Details
-
Bug
-
Status: Resolved
-
Major
-
Resolution: Cannot Reproduce
-
2.3.2
-
None
-
None
Description
Reading a Ctrl-A delimited CSV file ignores rows with all null values. However a comma delimited CSV file doesn't.
Reproduction in spark-shell:
import org.apache.spark.sql._
import org.apache.spark.sql.types._
val l = List(List(1, 2), List(null,null), List(2,3))
val datasetSchema = StructType(List(StructField("colA", IntegerType, true), StructField("colB", IntegerType, true)))
val rdd = sc.parallelize(l).map(item ⇒ Row.fromSeq(item.toSeq))

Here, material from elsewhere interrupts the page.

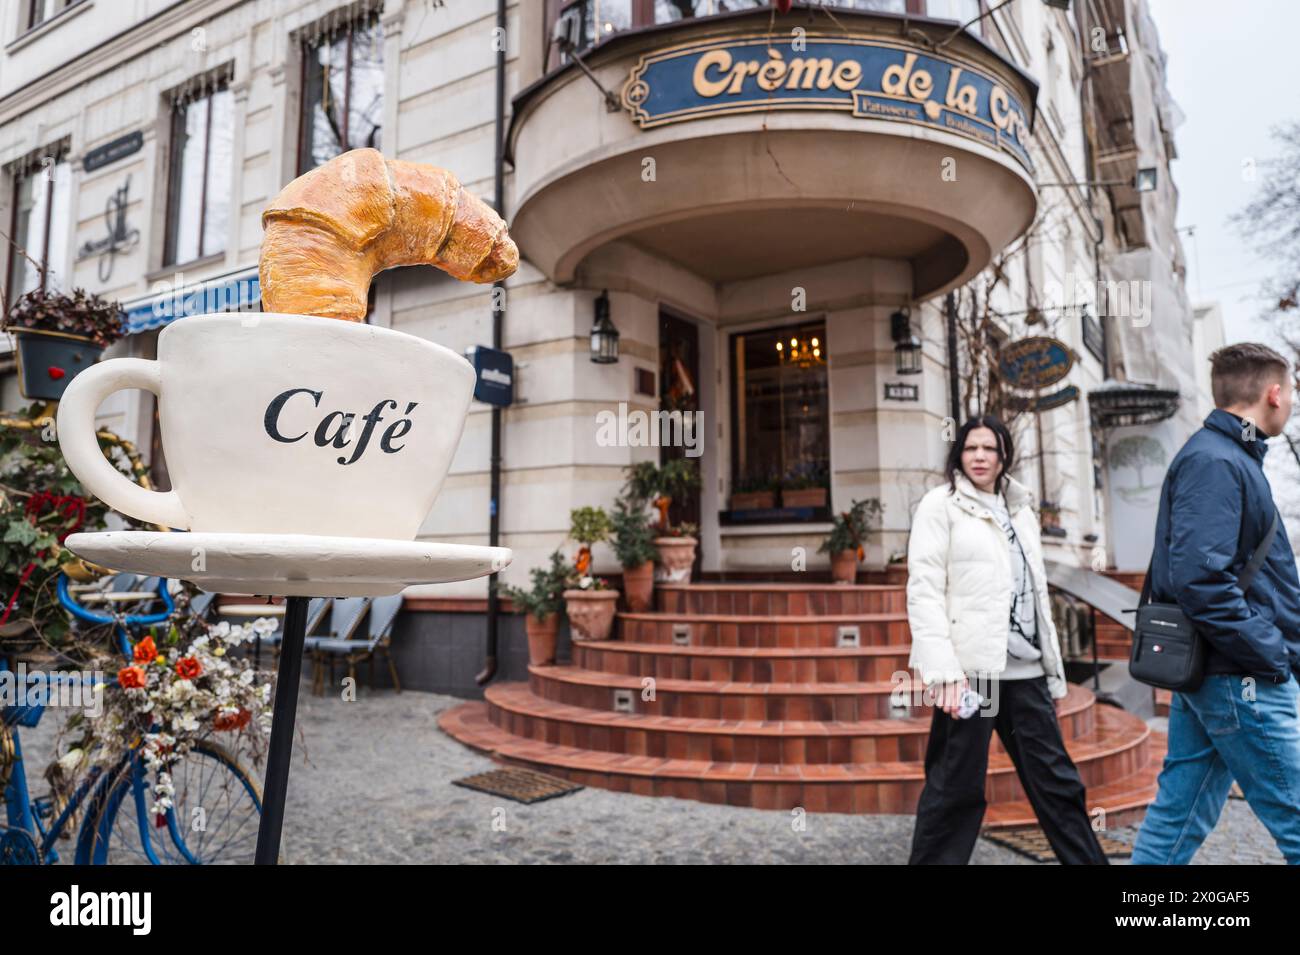 Il caffè francese, Cream of the Cream, nel centro della città. Chisinau. Capitale della Repubblica moldova. Patricia Huchot-Boissier / Collectif DyF Foto Stock

val df = spark.createDataFrame(rdd, datasetSchema)
df.show()
colA | colB | |
1 | 2 | |
null | null | |
2 | 3 |
df.write.option("delimiter", "\u0001").option("header", "true").csv("/ctrl-a-separated.csv")
df.write.option("delimiter", ",").option("header", "true").csv("/comma-separated.csv")

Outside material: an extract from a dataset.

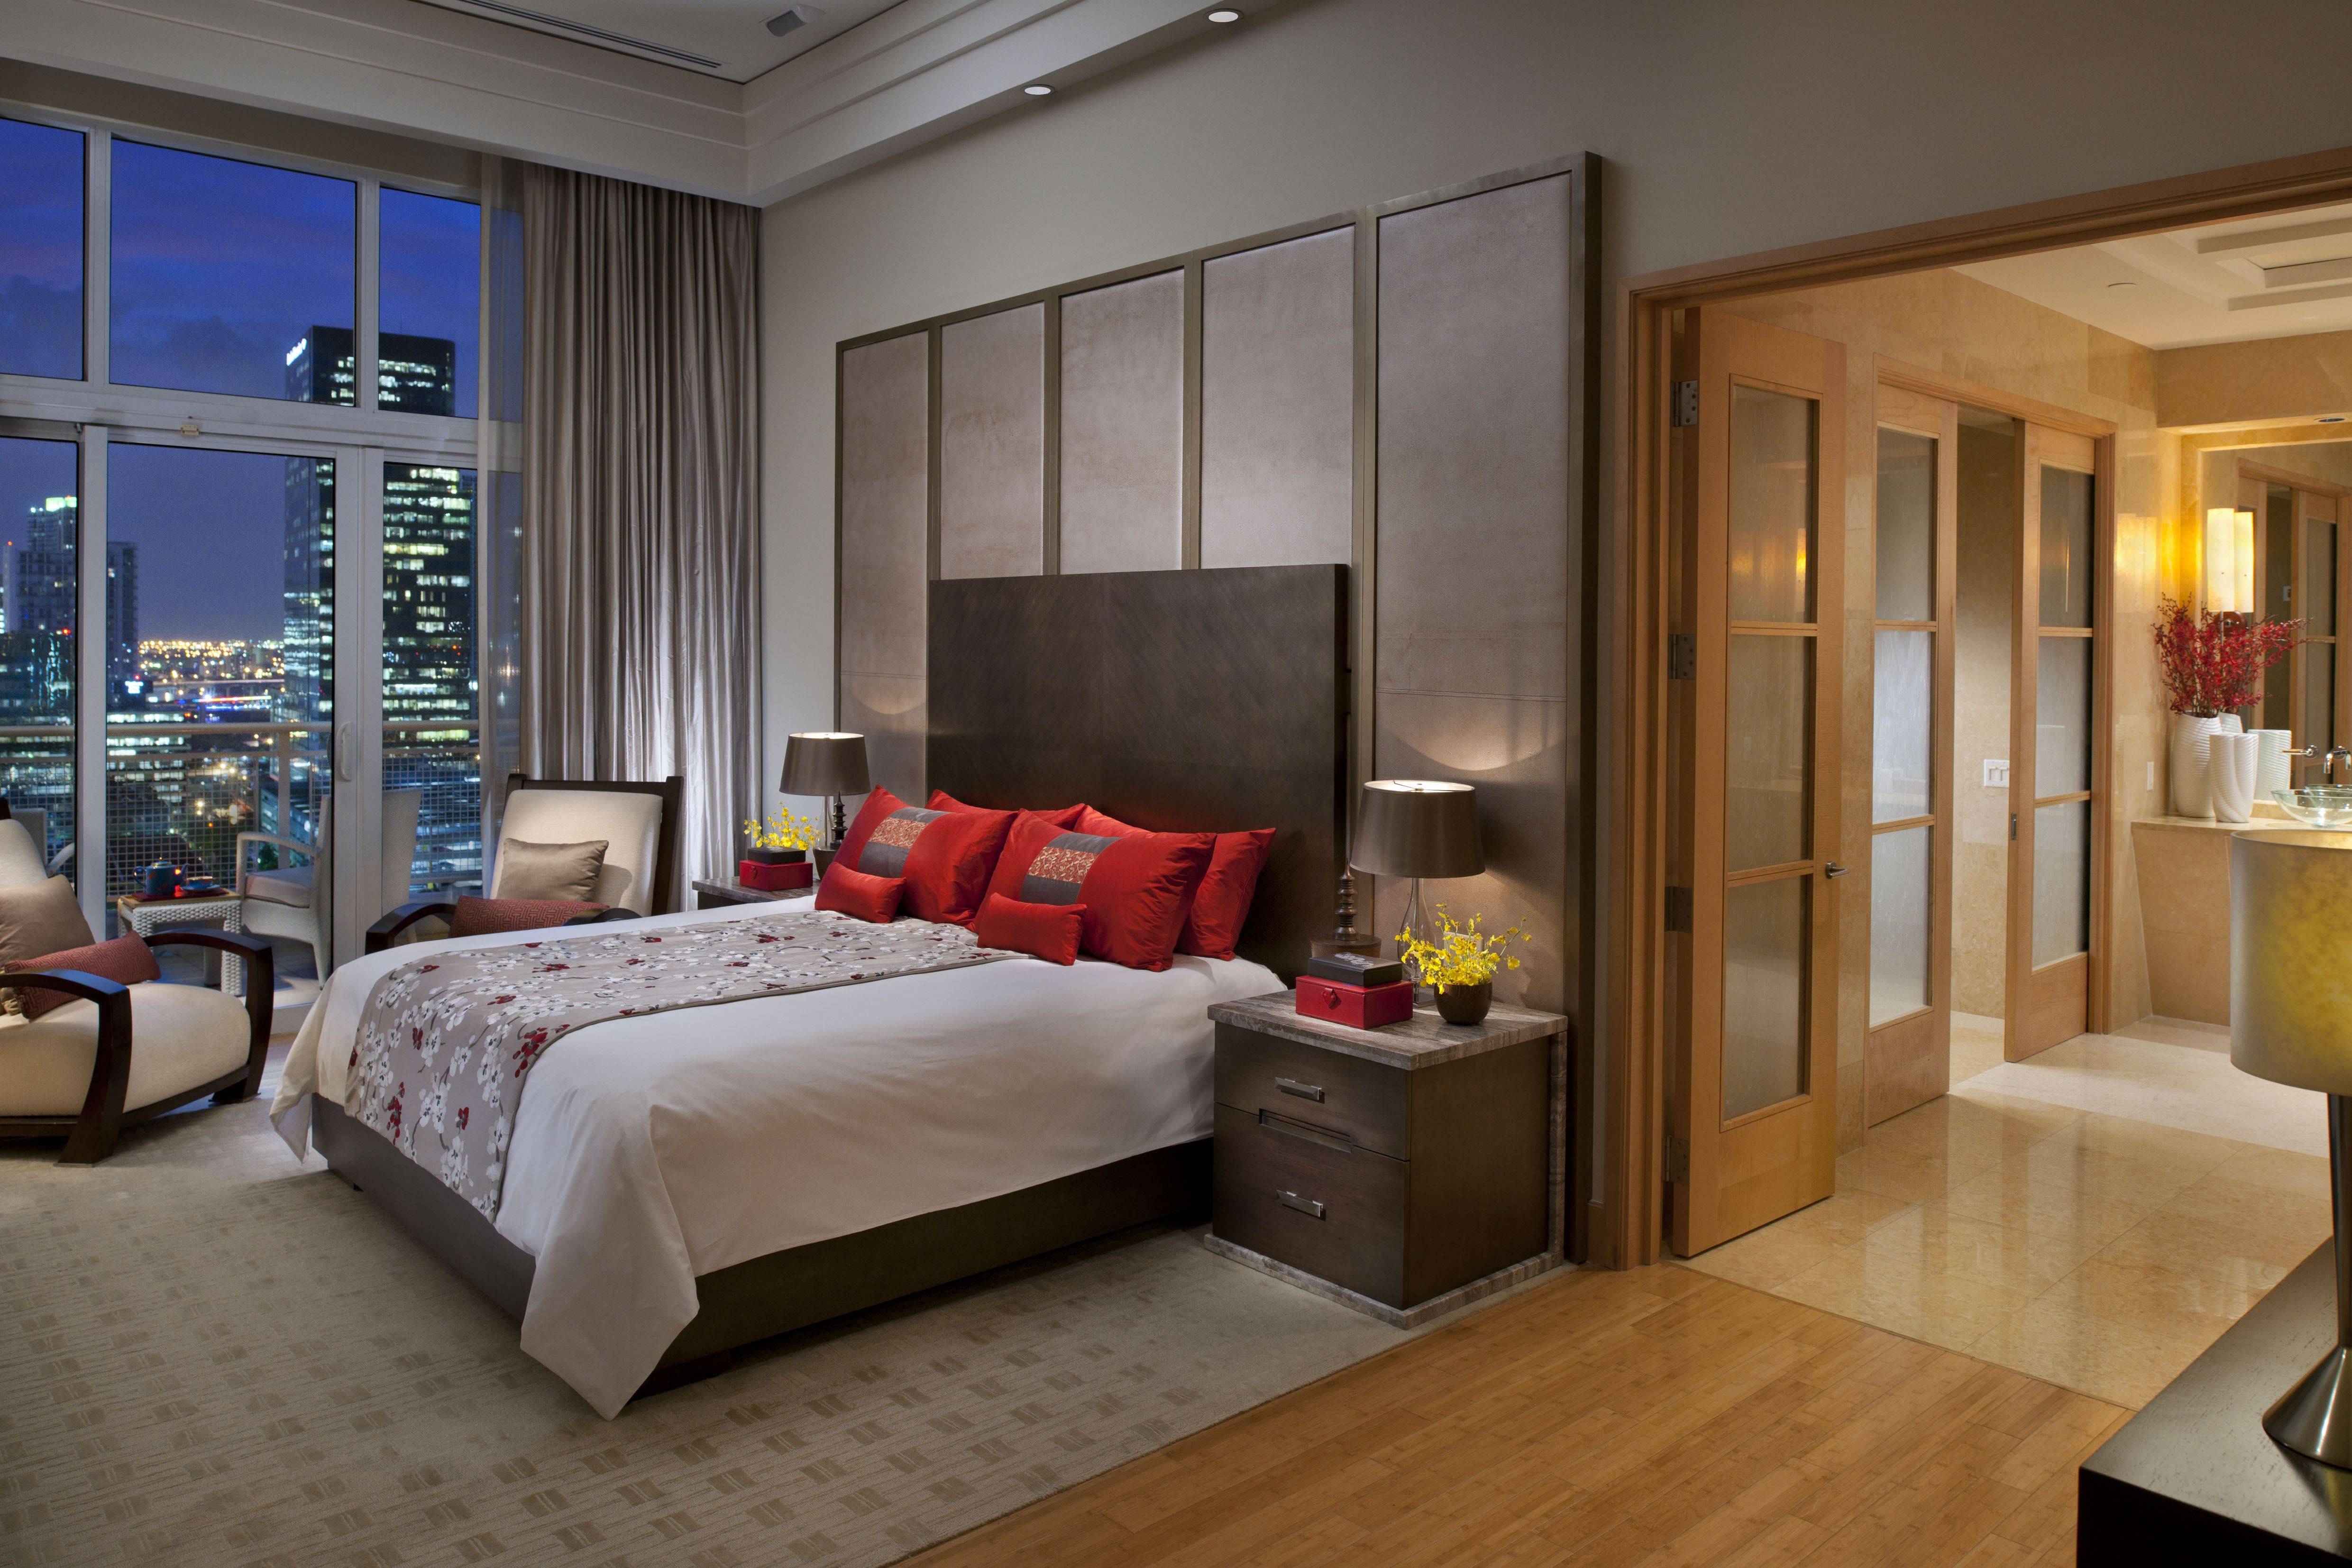 Понравилась обстановка. Отель Mandarin oriental Miami. Красивая квартира спальня. Красивая комната. Спа комнаты.

val commaDf = spark.read.option("header", "true").option("delimiter", ",").csv("/comma-separated.csv")
commaDf.show
colA | colB |
1 | 2 |
2 | 3 |
null | null |
val ctrlaDf = spark.read.option("header", "true").option("delimiter", "\u0001").csv("/ctrl-a-separated.csv")
ctrlaDf.show
colA | colB |
1 | 2 |
2 | 3 |
As seen above, for Ctrl-A delimited CSV, rows containing only null values are ignored.